Yes, ISS speed is 27,576 - 28080 km/h.
I admit that I don't completely understand this, but let's leave it for now.
( I can't tell how fast M is moving if it is broadcasting tv signal of the clock and you don't know the original broadcast frequency ).

Acceleration and gravity affect on visualized clocks, that need now your appreciated explanation.

We can consider acceleration in the following way:

Consider a rocket ship, with a clock at the nose and one at the tail. It is undergoing a constant acceleration. Imagine signals traveling between the two clocks, each keeping the other appraised of the others tick rate.

The signal leaves the nose clock at some moment t₀ and arrives at the nose clock at t₁.
Since the rocket is accelerating, The velocity of both clocks changes between t₀ and t₂
This is important, because, in the Relativistic Doppler shift formula I gave in an earlier post, v stands for the difference in velocity of the transmitter at the moment of transmission and the velocity of the receiver at the moment of reception.

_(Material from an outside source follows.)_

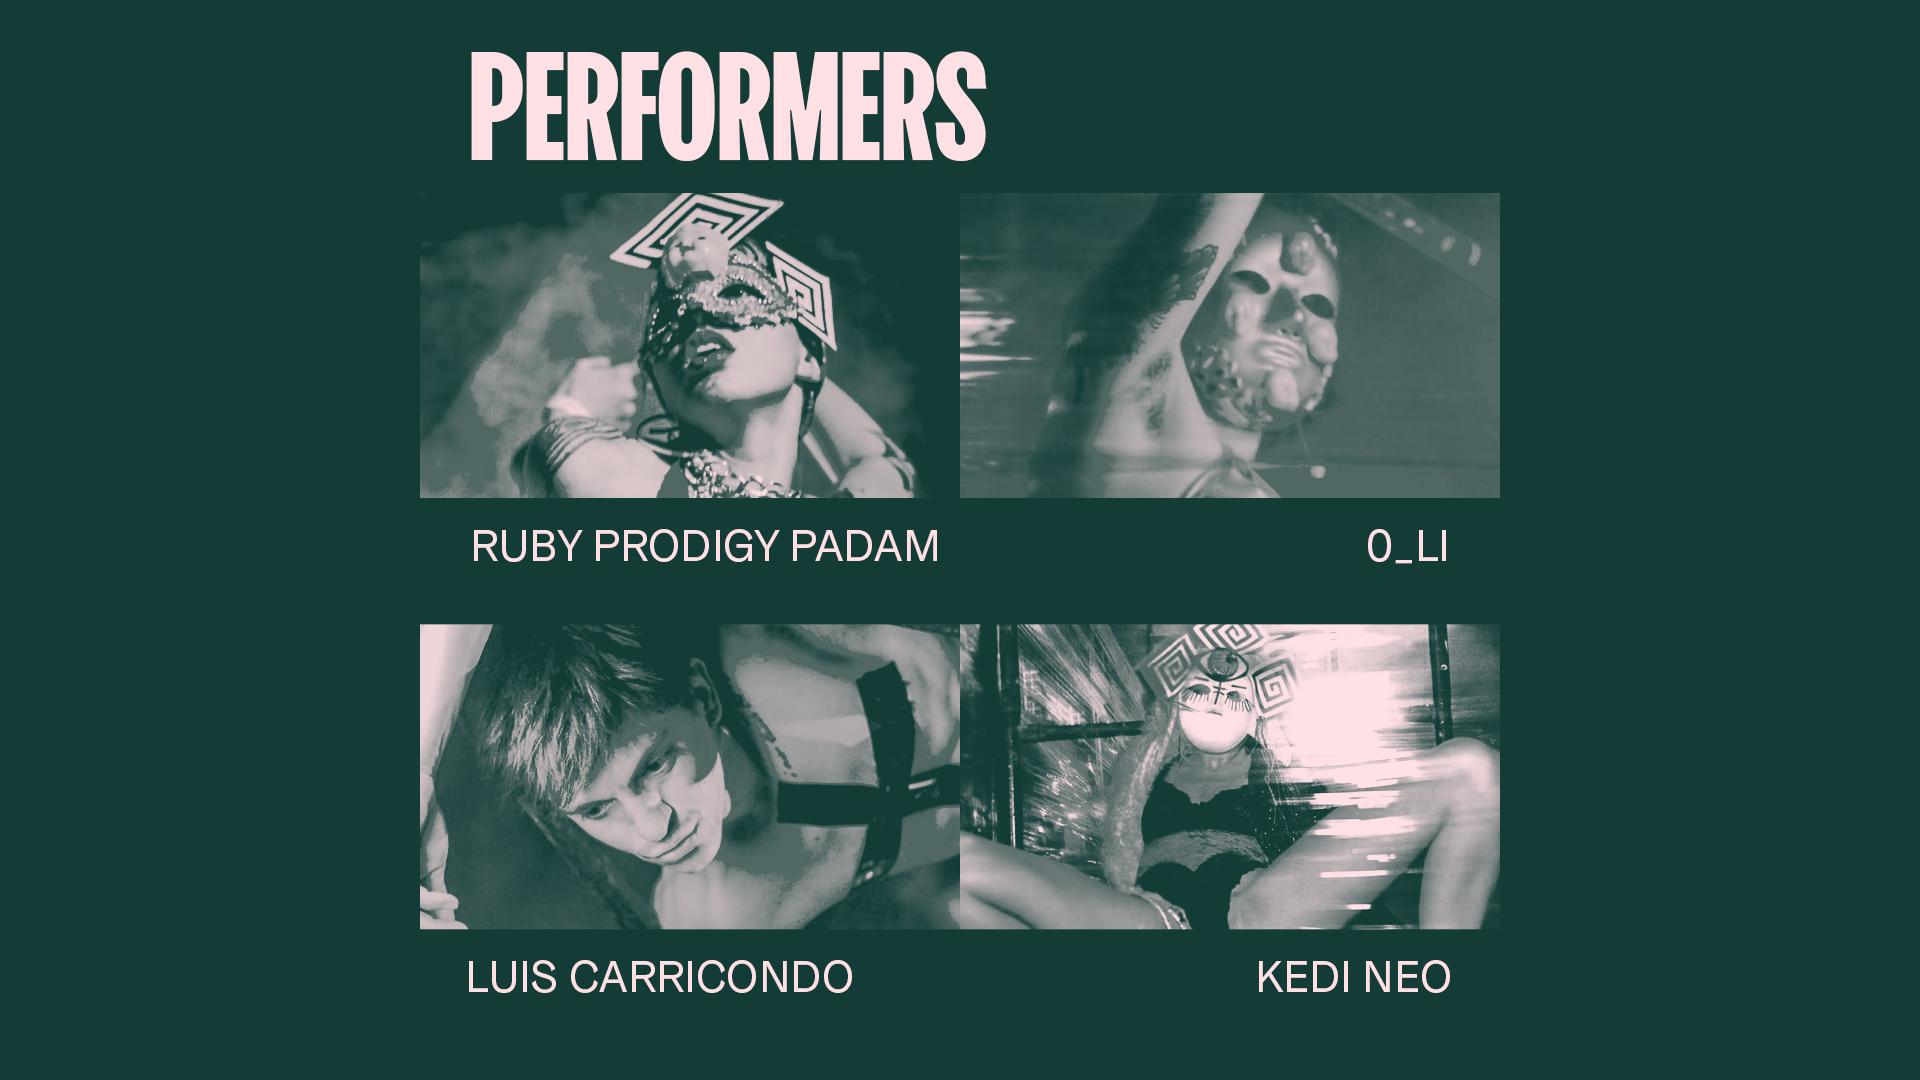 Ruby Prodigy Padam x 0_LI x Luis Carricondo x Kedi Neo (performers)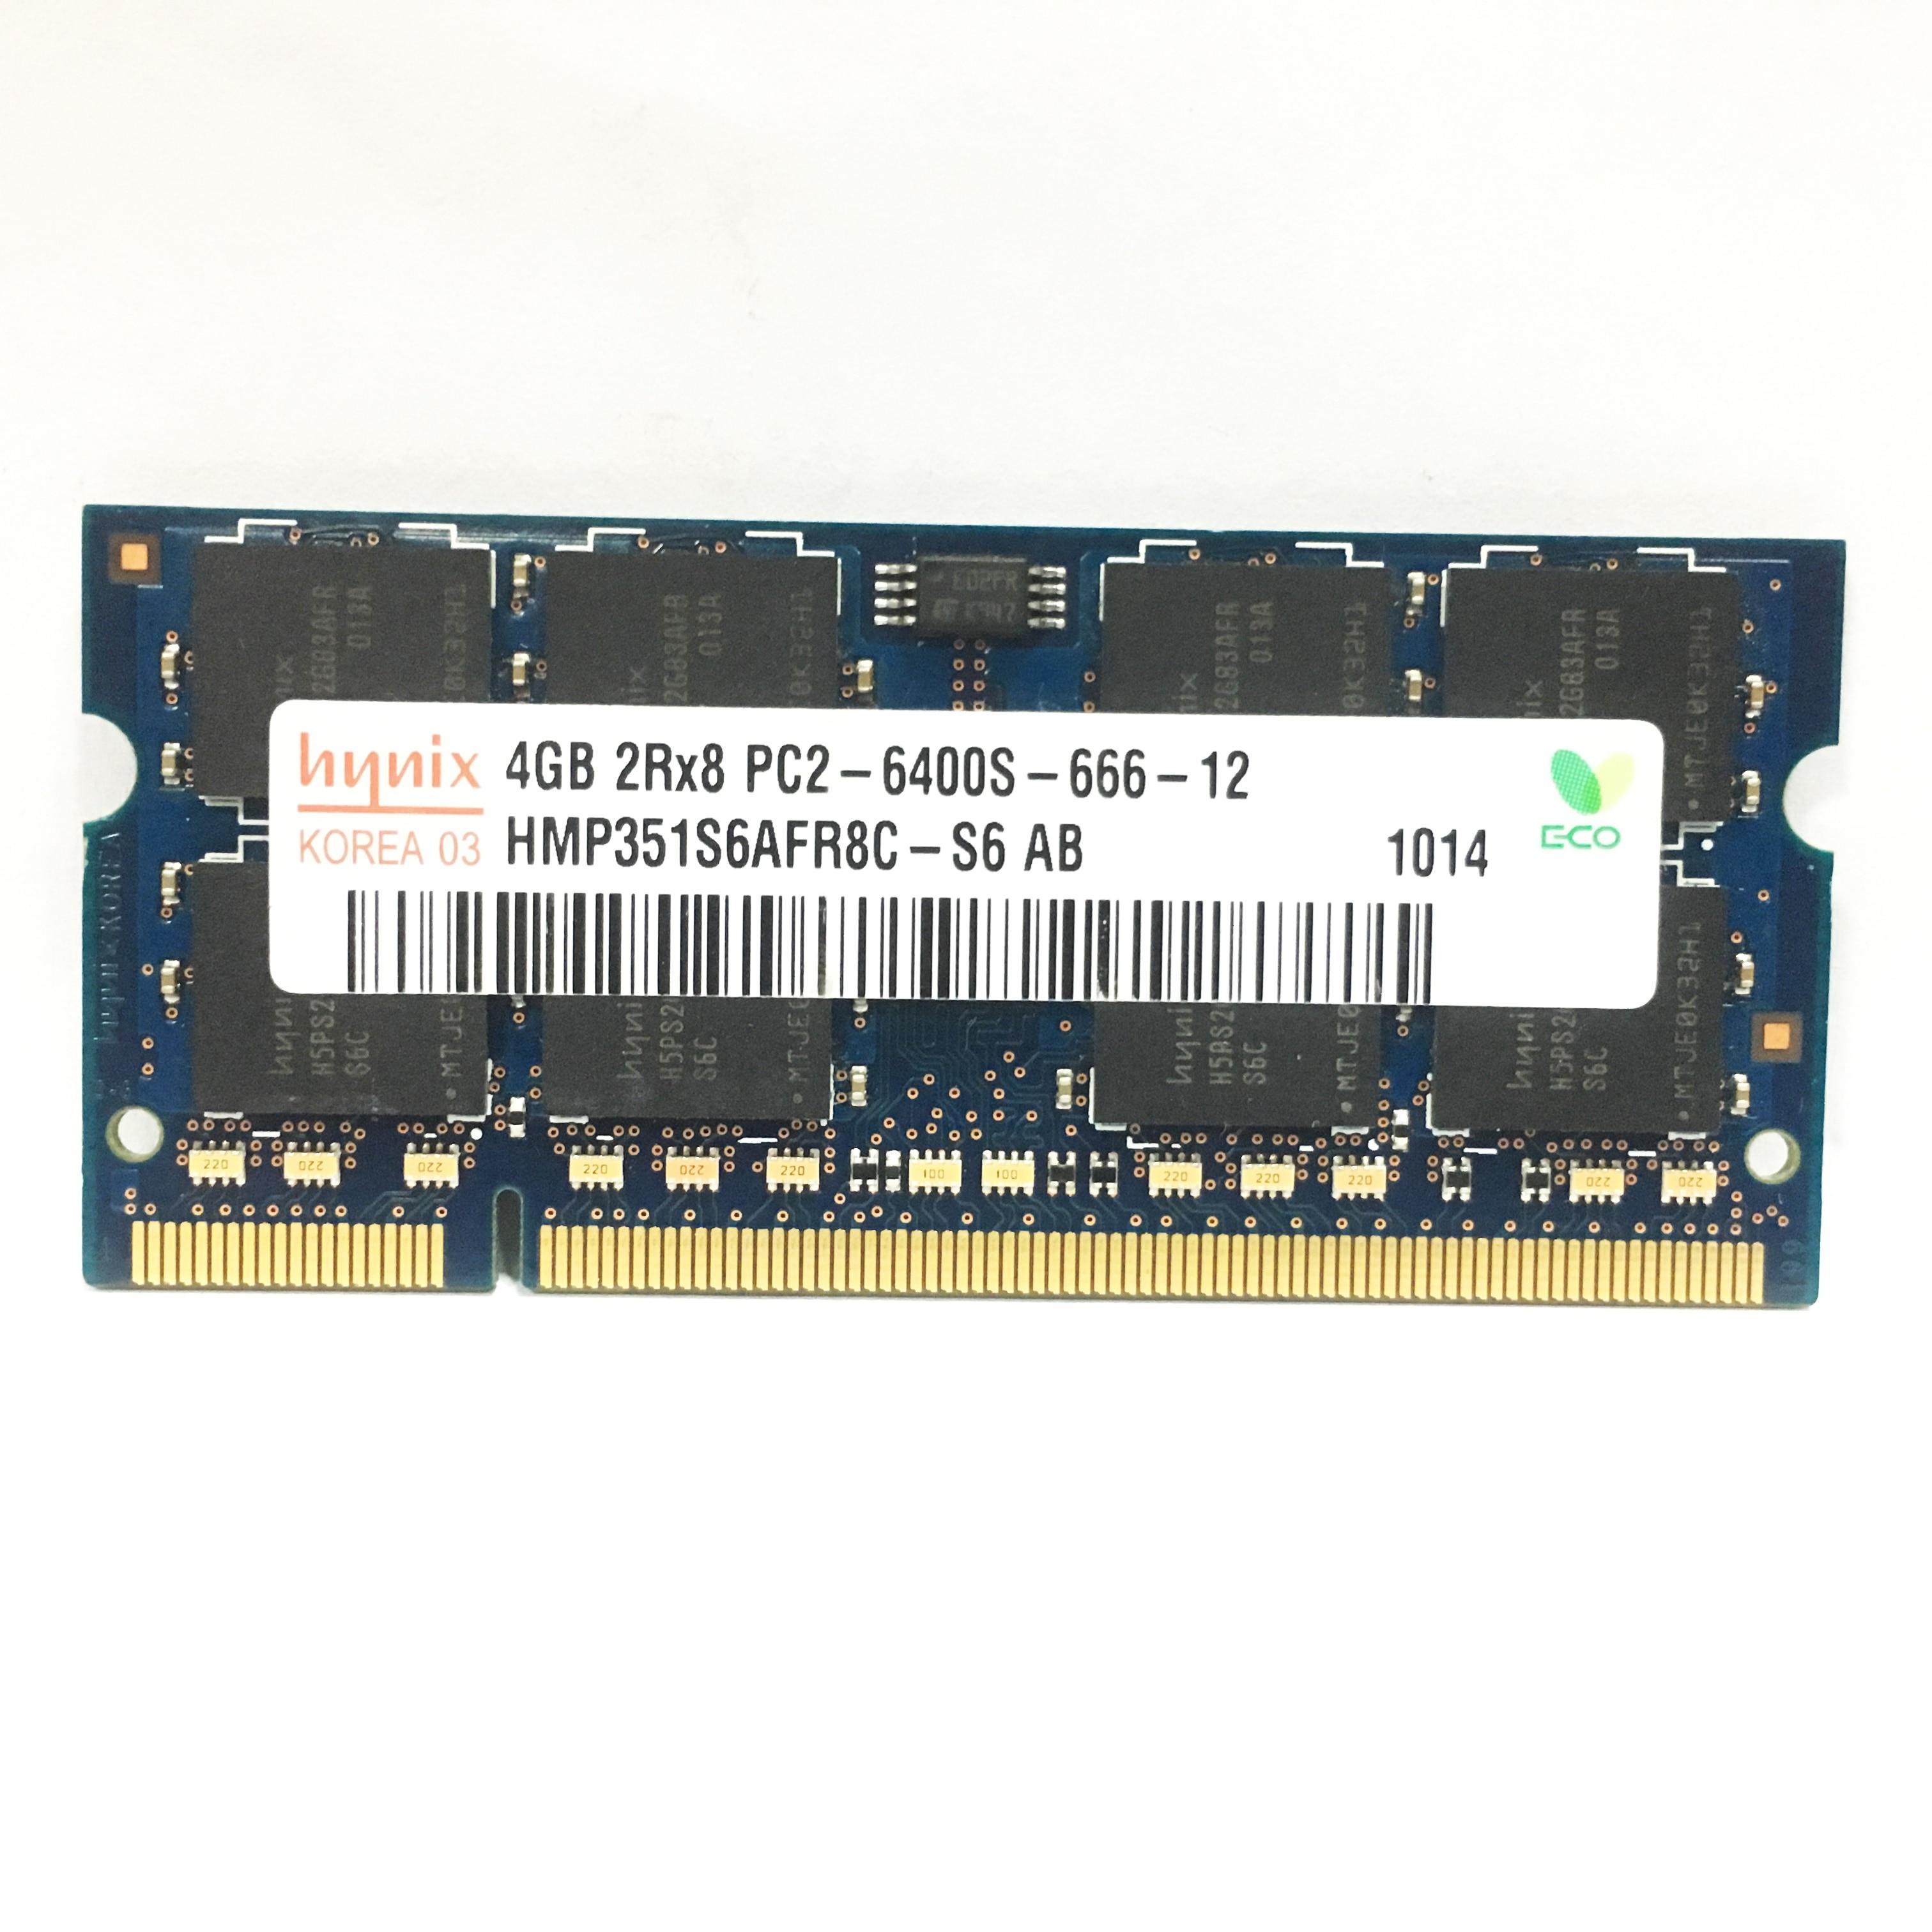 1G 1G  2G 4GB 2GB PC2 6400 5300  DDR2 667MHz 800MHz Laptop RAM notebook  memory RAM Use original /hynix chipset 6

Since the tail clock has been accelerating for a duration of t₁-t₀, it will have a different velocity at reception than the nose clock had at transmission. This results in a positive non-zero value of v, and the tail clock will see a higher frequency coming from the Nose clock than that emitted by the nose clock. If the Nose clock sent a 100 hz signal, at 100 waves per one sec tick of the clock, the tail clock receives those 100 waves at a higher frequency in less than one second, and thus measures the nose clock at ticking fast.

Conversely, a signal sent from the tail clock to the nose clock also takes some non-zero time to cross between them, meaning that the nose clock will have a different velocity when it receives the signal than the tail clock and this results in a negative non-zero value for v (in the first example, the tail clock's direction of acceleration is towards the nose clock, But now we are considering the nose clock, and its direction of acceleration is away from the tail clock. The result is that the tail clock sees a lower frequency coming from the tail clock and measures it as ticking slower.

Again, like in the ISS-Marcela scenario, the actual distance between the two clocks does not change, and they can not attribute any of the frequency shift they measure as being due to changing propagation time, and can only be attributed to the two clocks actually keeping different time.

Also note that if we increase the distance between the tail and nose, while maintaining the same acceleration, we increase the length of time between t₀ and t₁. Thus the receiving clock have a longer time to accelerate between transmission and reception, and this results in a larger difference in velocities. Ergo, increasing the distance between the clocks increases the difference in tick rates even if the acceleration is the same.

Of course, it should go without saying that increasing the acceleration and maintaining the same distance will also cause a larger difference in tick rate.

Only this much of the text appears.